Department of Electrical and Computer Engineering, UC San Diego, 9500 Gilman Drive, La Jolla, CA 92093, USA.
Bioinformatics and Systems Biology Graduate Program, UC San Diego, 9500 Gilman Drive, La Jolla, CA 92093, USA.
Syst Biol. 2023 May 19;72(1):17-34. doi: 10.1093/sysbio/syac031.
Placing new sequences onto reference phylogenies is increasingly used for analyzing environmental samples, especially microbiomes. Existing placement methods assume that query sequences have evolved under specific models directly on the reference phylogeny. For example, they assume single-gene data (e.g., 16S rRNA amplicons) have evolved under the GTR model on a gene tree. Placement, however, often has a more ambitious goal: extending a (genome-wide) species tree given data from individual genes without knowing the evolutionary model. Addressing this challenging problem requires new directions. Here, we introduce Deep-learning Enabled Phylogenetic Placement (DEPP), an algorithm that learns to extend species trees using single genes without prespecified models. In simulations and on real data, we show that DEPP can match the accuracy of model-based methods without any prior knowledge of the model. We also show that DEPP can update the multilocus microbial tree-of-life with single genes with high accuracy. We further demonstrate that DEPP can combine 16S and metagenomic data onto a single tree, enabling community structure analyses that take advantage of both sources of data. [Deep learning; gene tree discordance; metagenomics; microbiome analyses; neural networks; phylogenetic placement.].

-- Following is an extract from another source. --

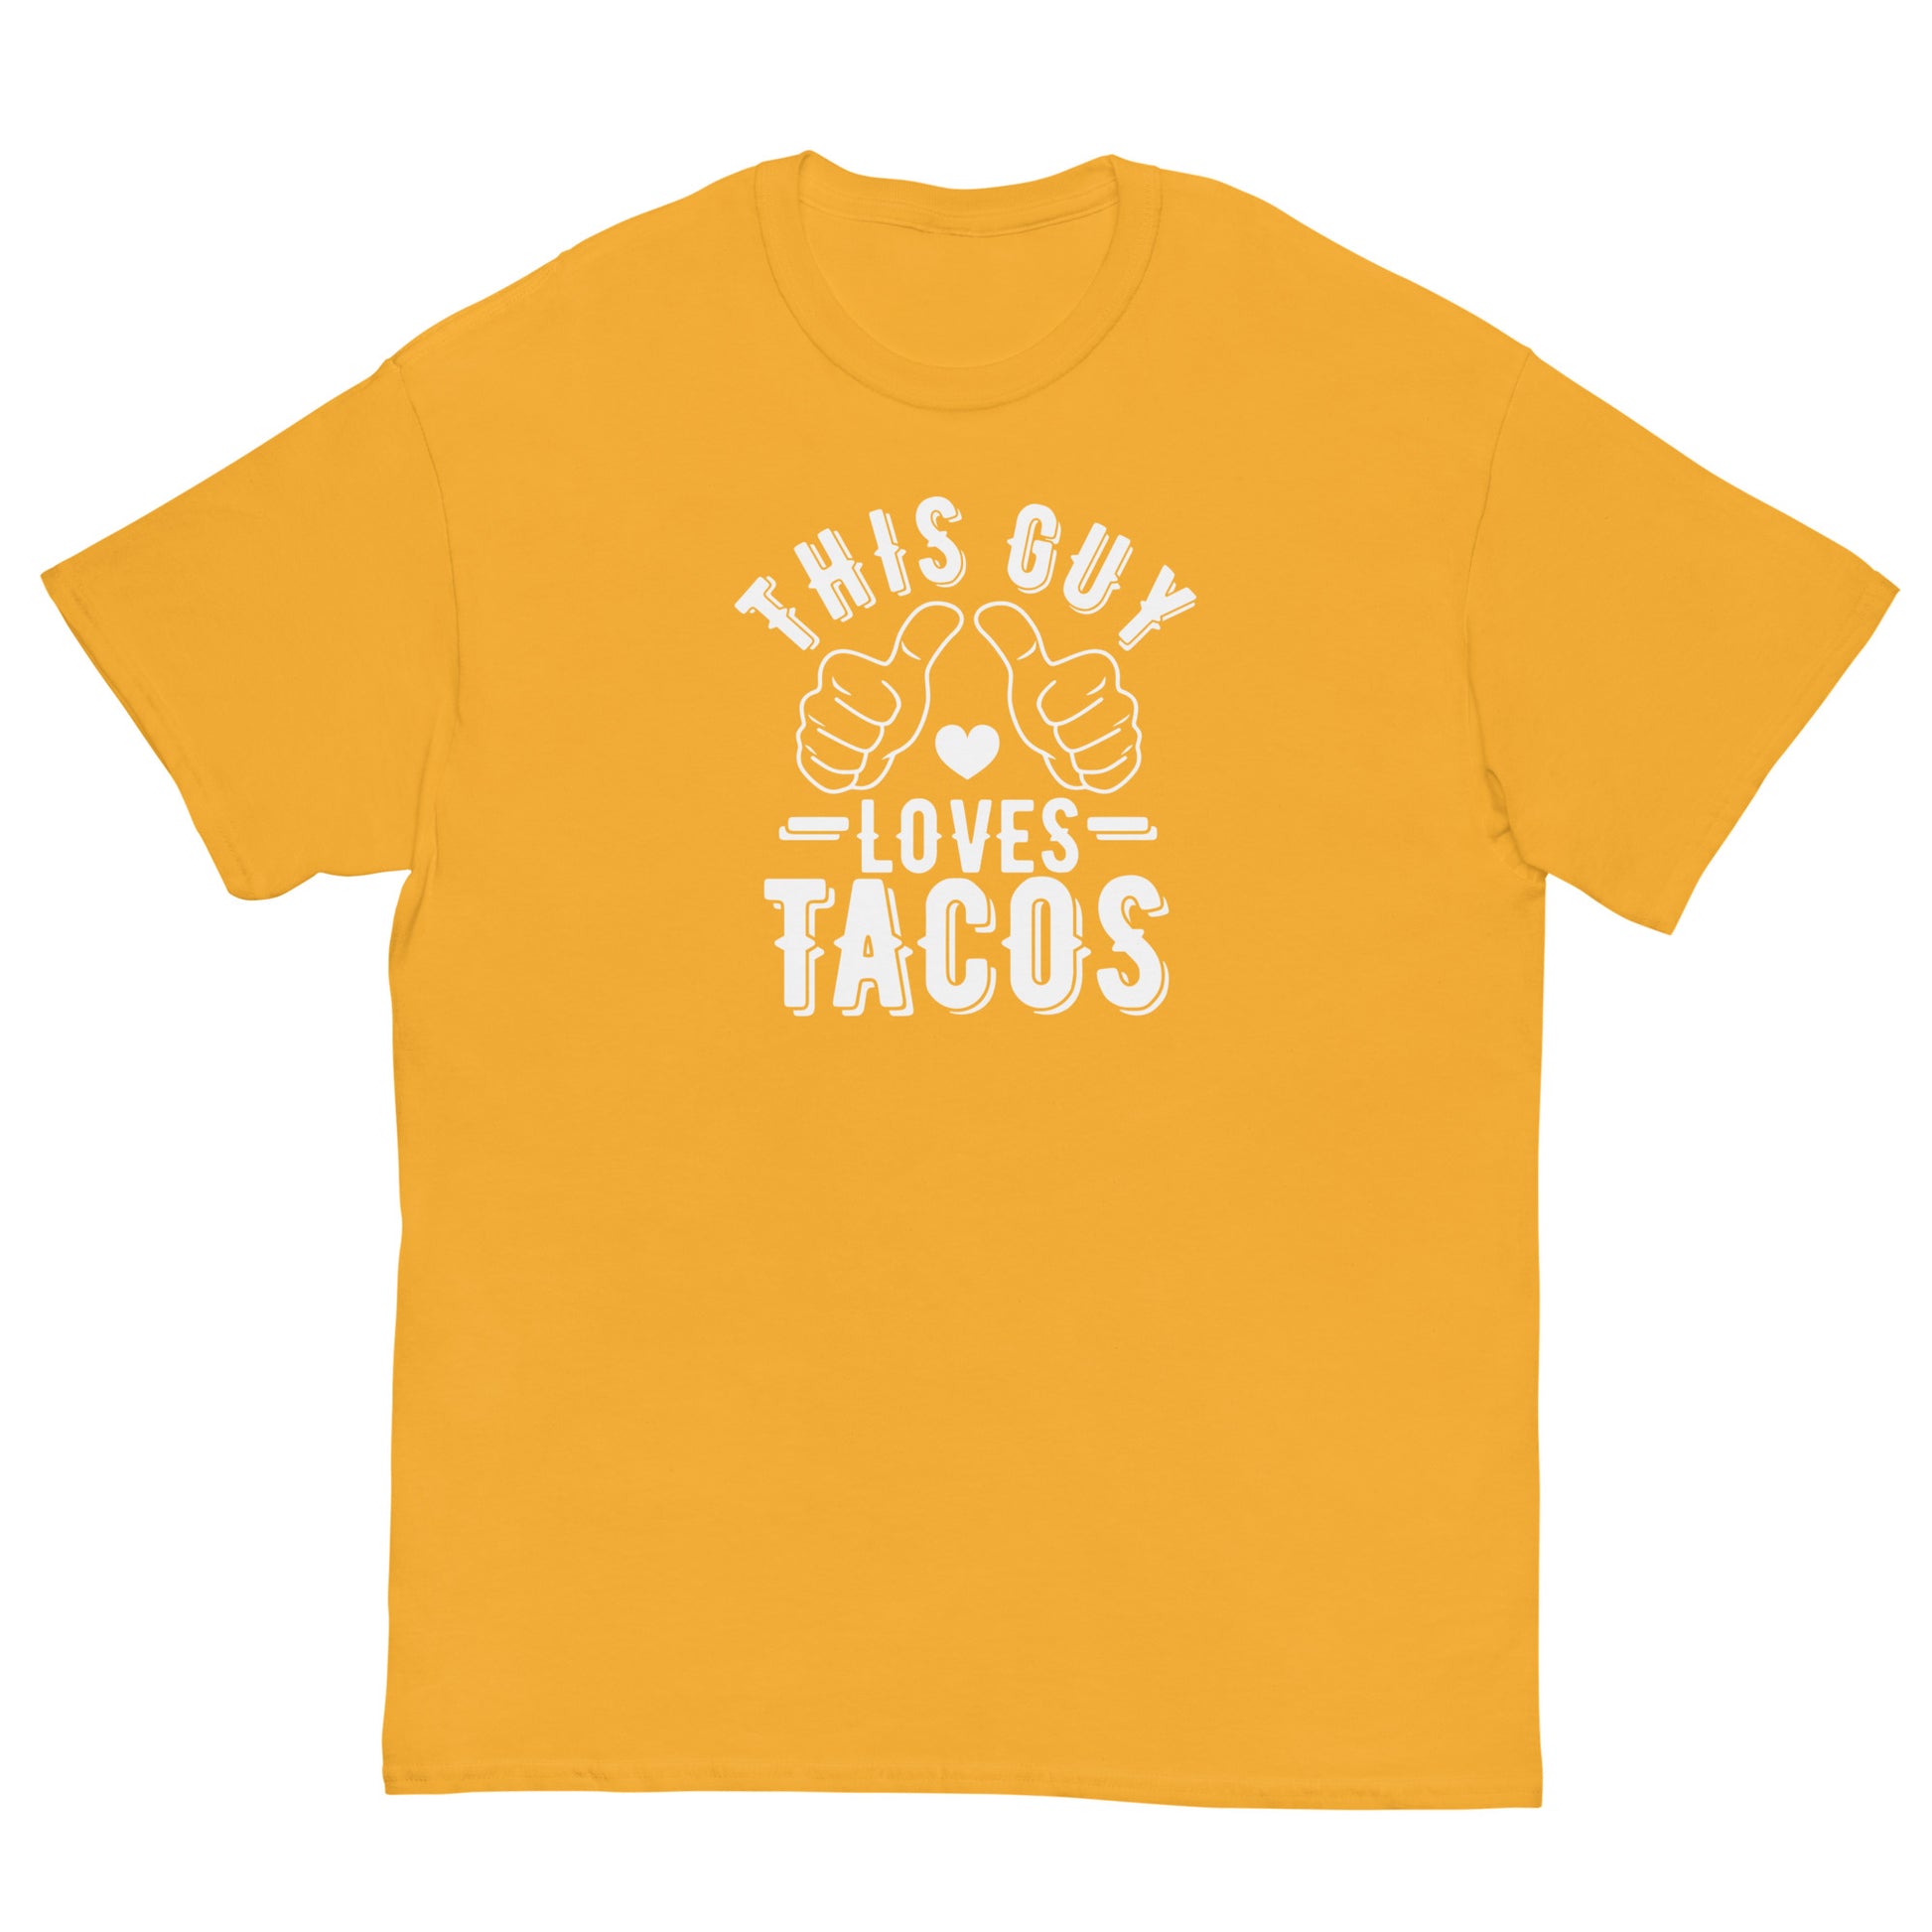 "This Guy Loves Tacos" T-Shirt - Weave Got Gifts - Unique Gifts You Won’t Find Anywhere Else!
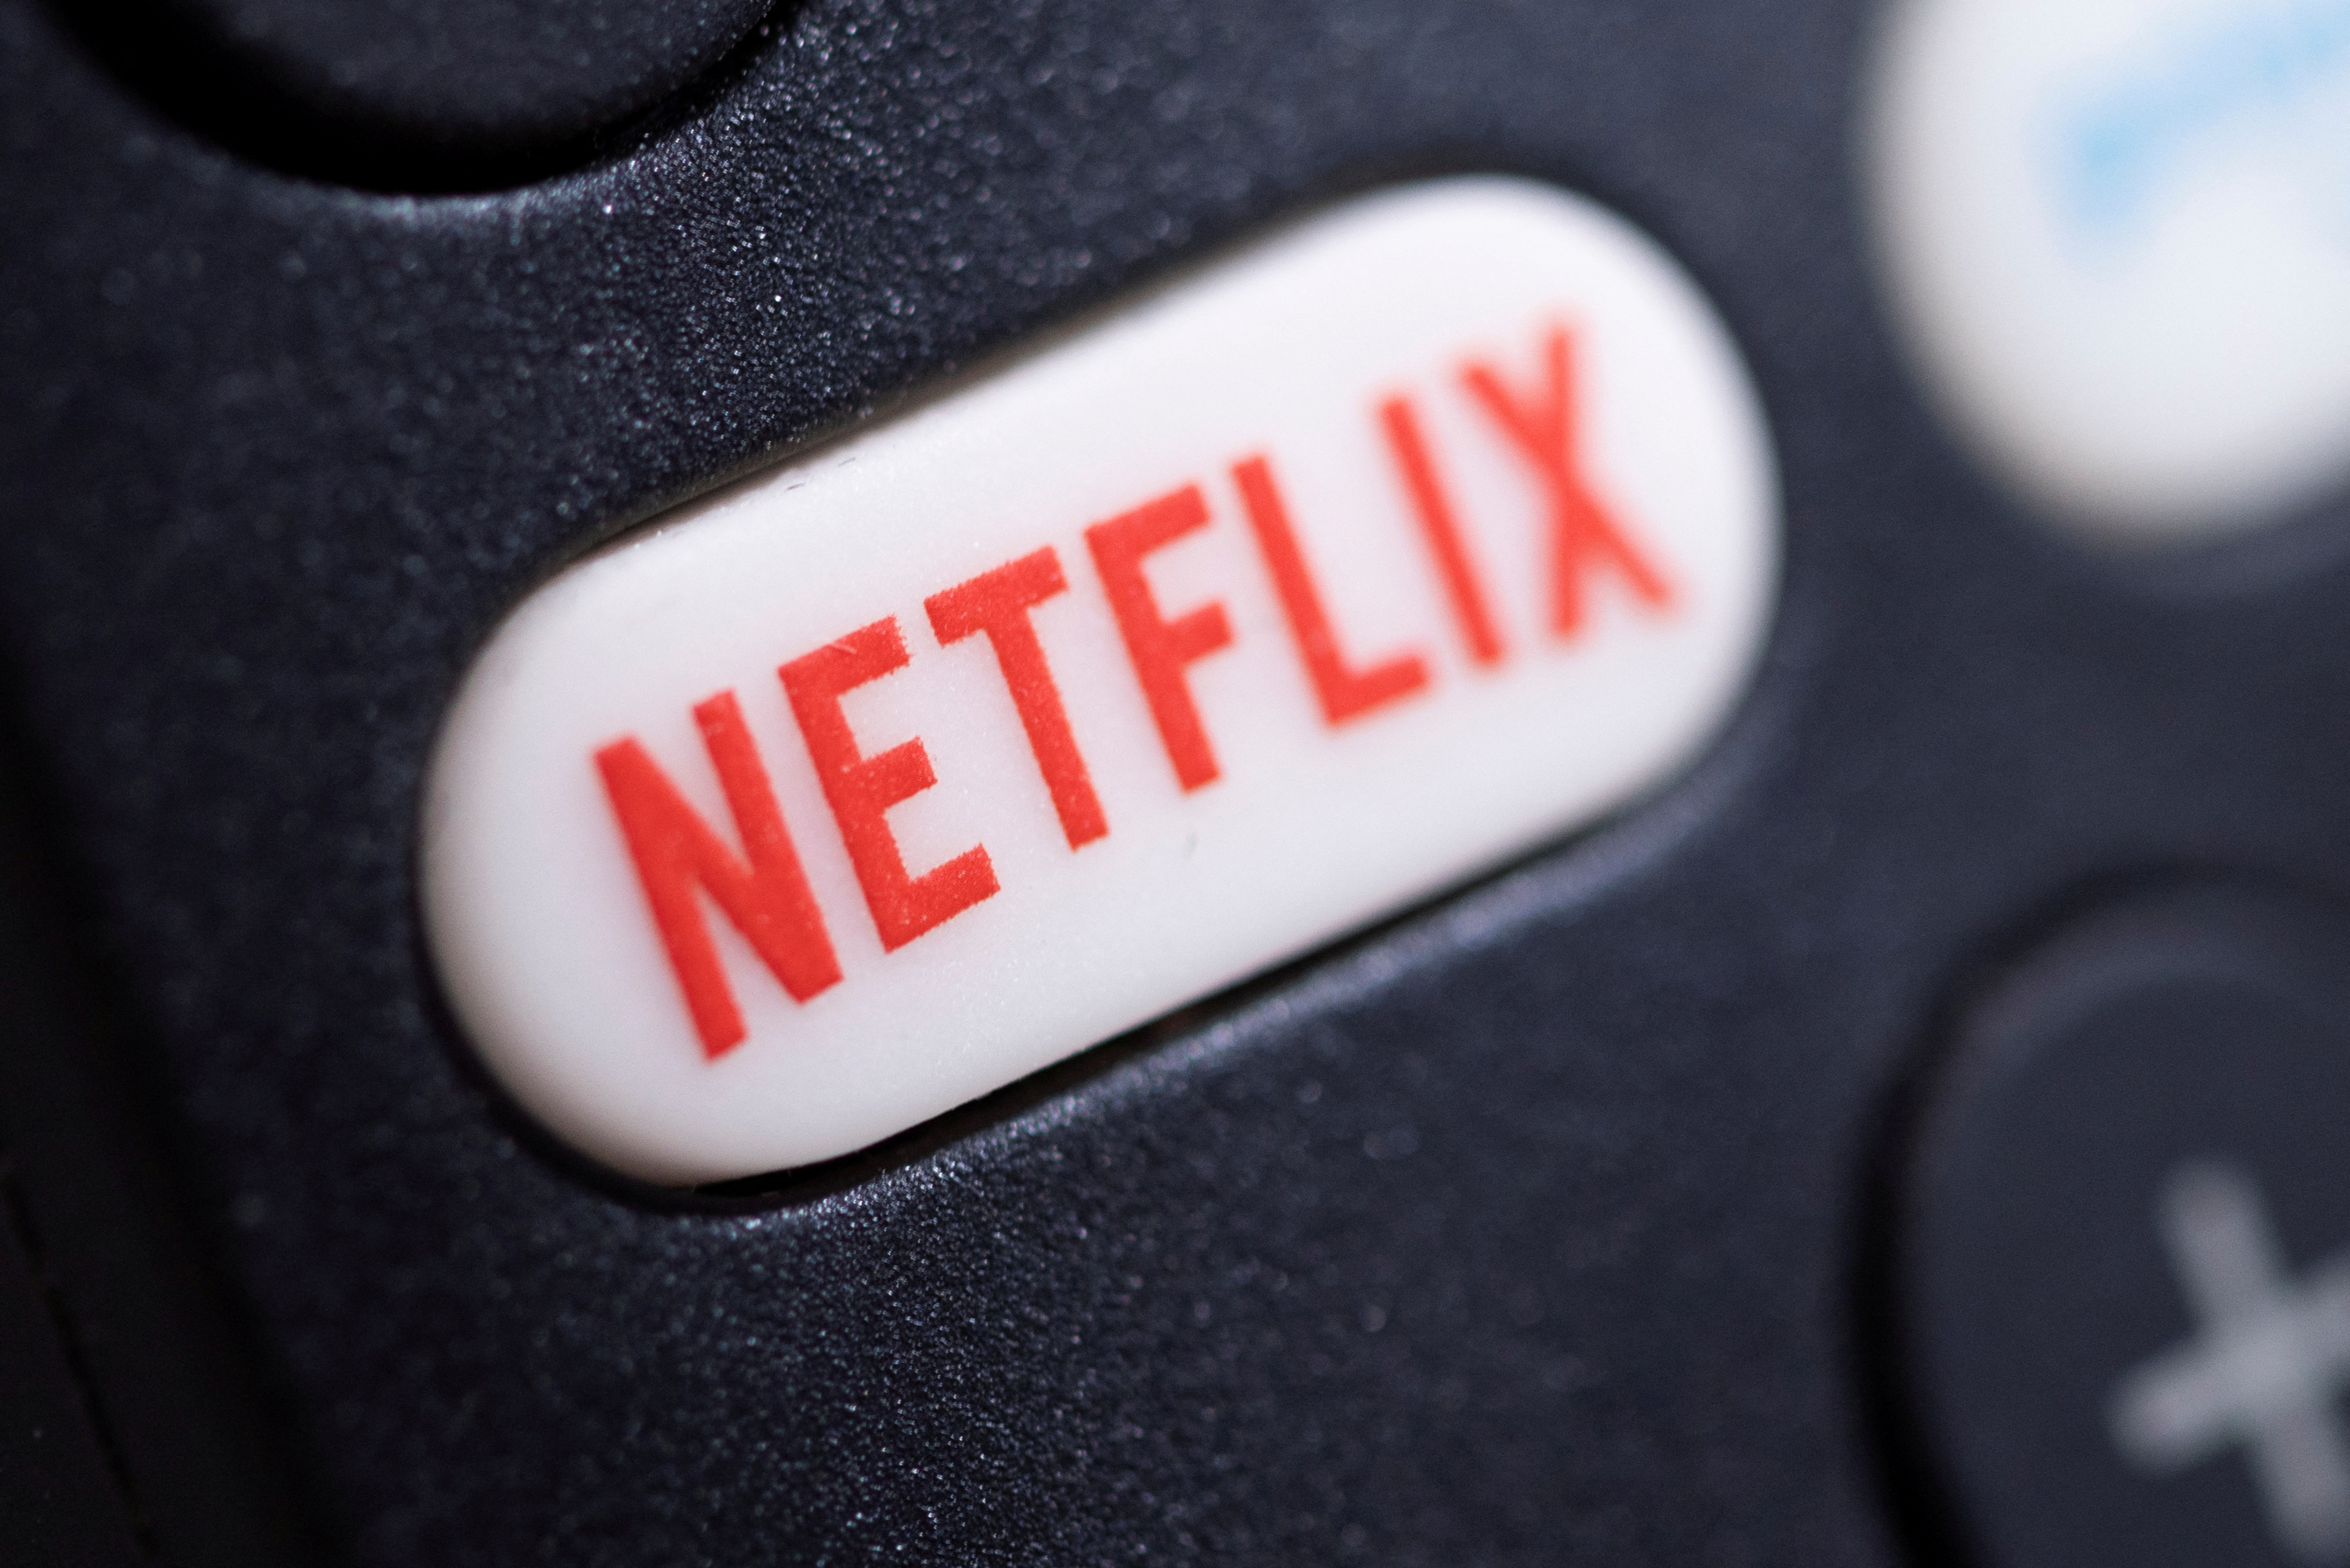 FILE PHOTO: The Netflix logo is seen on a TV remote controller, in this illustration taken January 20, 2022. REUTERS/Dado Ruvic/Illustration/File Photo

将新序列放置到参考系统发育树上的方法越来越多地用于分析环境样本,特别是微生物组。现有的放置方法假设查询序列是在参考系统发育树上的特定模型下直接进化的。例如,它们假设单基因数据(例如 16S rRNA 扩增子)是在基因树上的 GTR 模型下进化的。然而,放置通常有更雄心勃勃的目标:在不知道进化模型的情况下,根据来自单个基因的数据扩展(全基因组)种系树。解决这个具有挑战性的问题需要新的方向。在这里,我们引入了深度学习支持的系统发育放置(DEPP)算法,这是一种使用没有先验模型的单个基因来学习扩展种系树的算法。在模拟和真实数据中,我们表明 DEPP 可以在没有任何模型先验知识的情况下匹配基于模型方法的准确性。我们还表明,DEPP 可以使用单个基因以高精度更新微生物多基因树。我们进一步证明,DEPP 可以将 16S 和宏基因组数据合并到单个树上,从而能够进行利用这两种数据来源的群落结构分析。[深度学习;基因树分歧;宏基因组学;微生物组分析;神经网络;系统发育放置。]